Von daher die WLP so auftragen,

dass die Kappe des Prozessors noch leicht durchschimmert


----------



## AK39 (2. Juli 2018)

*AW: Zu viel Wärmeleitpaste?*

Sehe ich das richtig, dass zu viel Wärmeleitpaste eigentlich kein nennenswertes Problem darstellt, wenn man den Kühler nach einiger Zeit nachzieht oder federnde Elemente eingebaut sind.  

Vor der potentiellen Sauerei einmal abgesehen.


Wenn man sehr dünn aufträgt besteht ja auch die Gefahr, dass sich Luftblasen bilden. Diese Gefahr sollte bei einem dicken Klecks in der Mitte minimal sein.


----------



## Narbennarr (3. Juli 2018)

*AW: Zu viel Wärmeleitpaste?*

Zuviel macht halt allenfalls Sauerei. Punkt in die Mitte und gut


----------



## Rotkaeppchen (3. Juli 2018)

*AW: Zu viel Wärmeleitpaste?*



Narbennarr schrieb:


> Punkt in die Mitte und gut


Aber nur, wenn es ein Kühler mit Bodenplatte ist. Bei den billigen mit direktem Kontakt der Heatpipes zur CPU funktioniert das nicht gut.


----------



## DonBongJohn (3. Juli 2018)

*AW: Zu viel Wärmeleitpaste?*



interessierterUser schrieb:


> Aber nur, wenn es ein Kühler mit Bodenplatte ist. Bei den billigen mit direktem Kontakt der Heatpipes zur CPU funktioniert das nicht gut.

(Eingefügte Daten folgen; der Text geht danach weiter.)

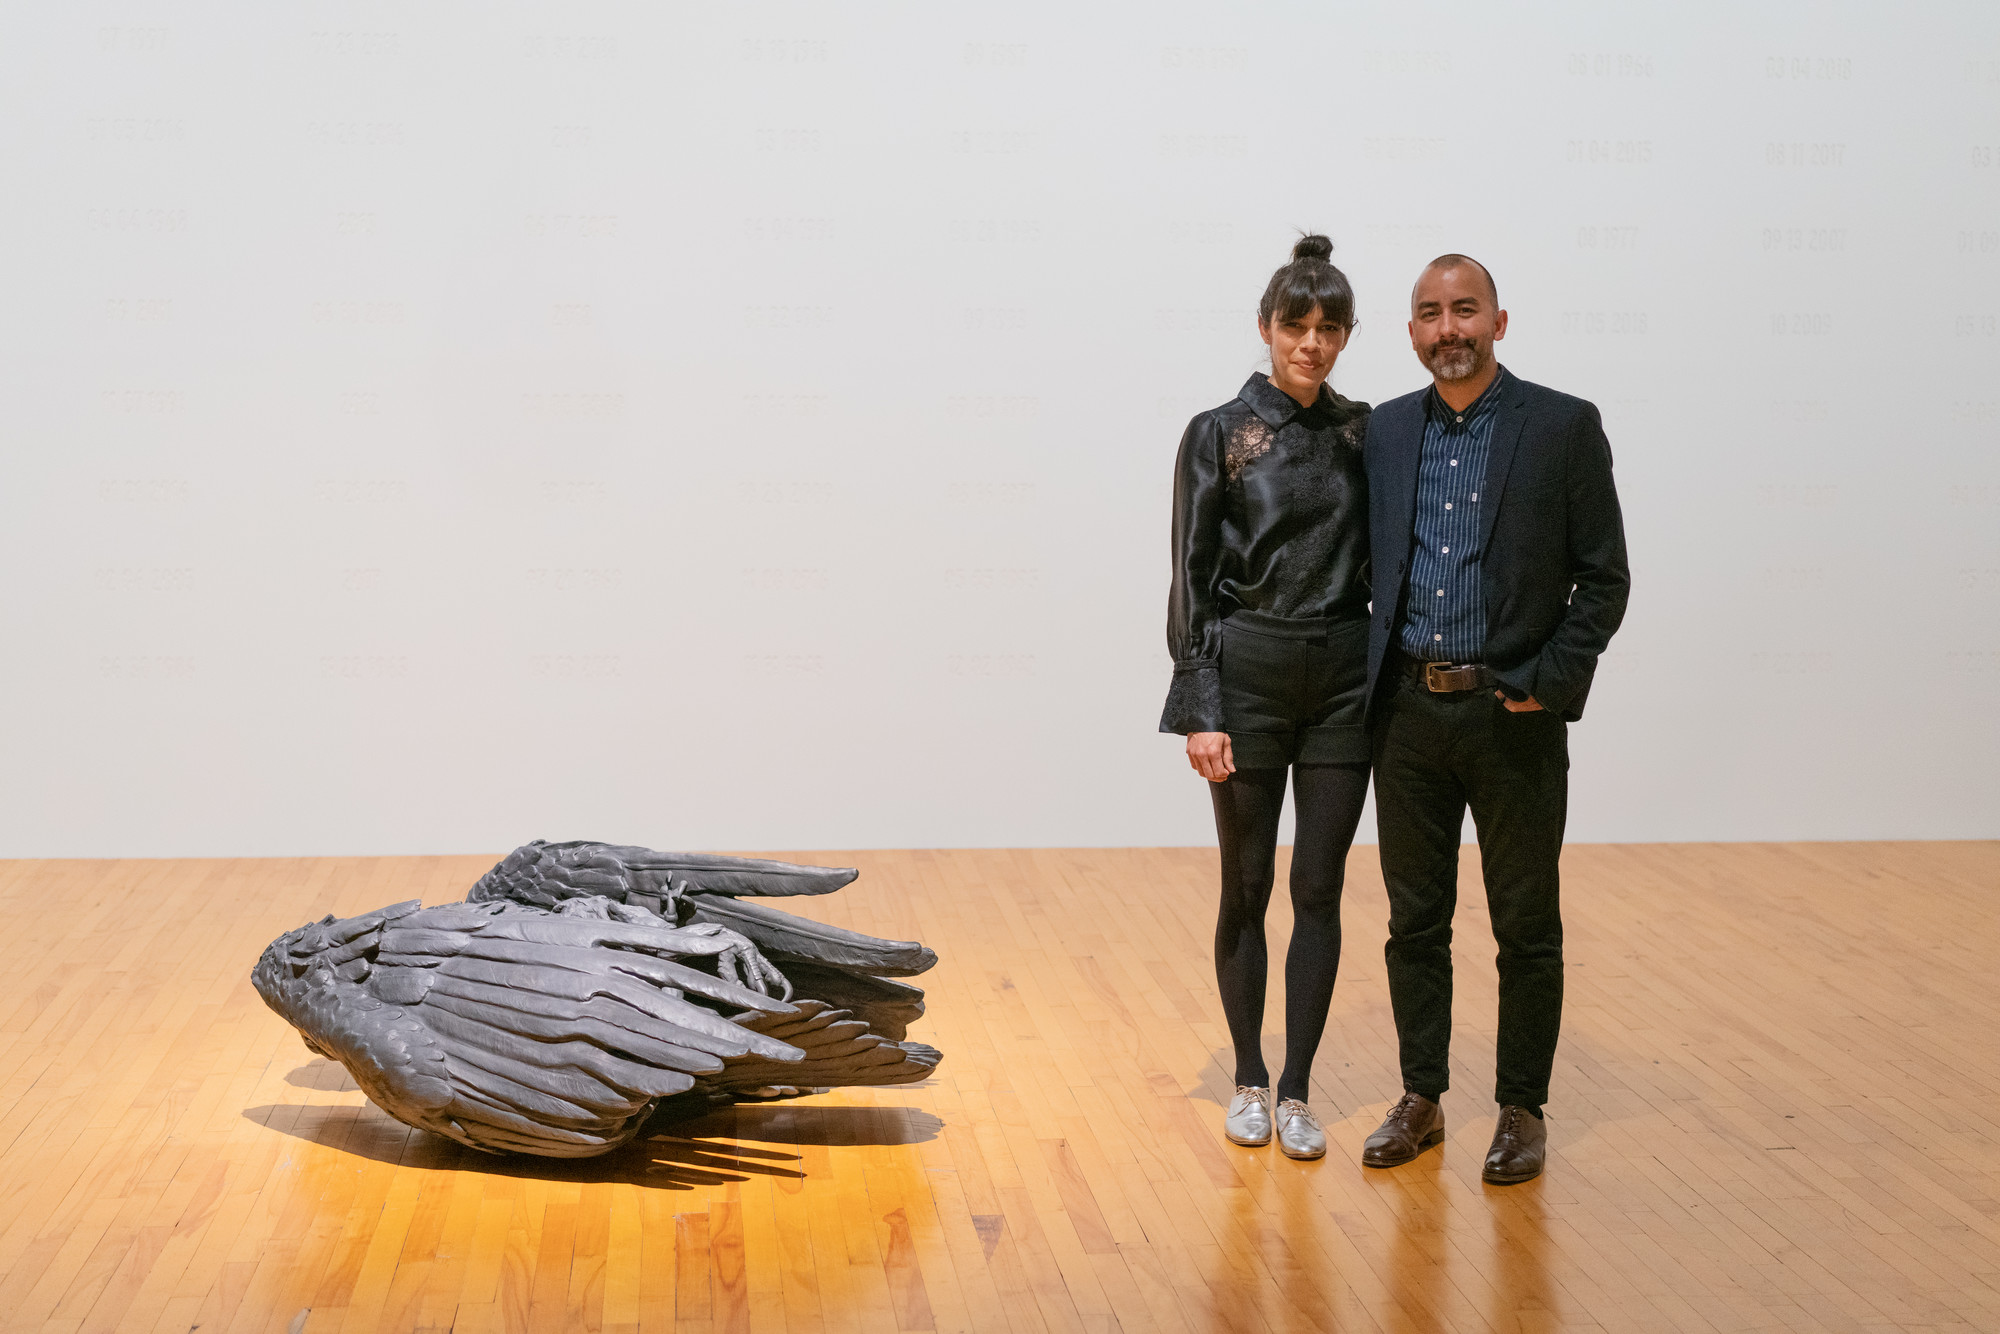 Photograph of Adriana Corral and Vincent Valdez next to their work 'Requiem' in the exhibition 'Suffering From Realness' at MASS MoCA.

Naja so schlecht wie sie immer beschrieben werden sind HDT Kühler im Prinzip nicht. 
Zumindest wenn man sie für einen guten Preis bekommt. Für 15€ macht mein Arctic Cooling i30 einen super Job.
Es liegt halt immer daran, ob man eine gute Verarbeitungsquali hat oder nicht und man sollte immer mehr WLP einplanen als man es von anderen Kühlern kennt um erst mal die Ritzen zwischen den einzelnen Heatpipes dicht zu machen. 
Irgendwann habe ich dazu mal Vergleiche gesehen bei YouTube und es soll wohl was gebracht haben, vlt. finde ich es noch.


----------



## Narbennarr (3. Juli 2018)

*AW: Zu viel Wärmeleitpaste?*



interessierterUser schrieb:


> Aber nur, wenn es ein Kühler mit Bodenplatte ist. Bei den billigen mit direktem Kontakt der Heatpipes zur CPU funktioniert das nicht gut.



Stimmt 
Da Entweder mehr Paste nehmen, wobei das sehr schwer abzuschätzen ist. Wenn die Hersteller mitdenken steht im Handbuch, dass man etwas WLP auf dem Kühler verteilen soll, was die Lücken schließt


----------



## Rotkaeppchen (3. Juli 2018)

*AW: Zu viel Wärmeleitpaste?*



DonBongJohn schrieb:


> ....Es liegt halt immer daran, ob man eine gute Verarbeitungsquali hat oder nicht...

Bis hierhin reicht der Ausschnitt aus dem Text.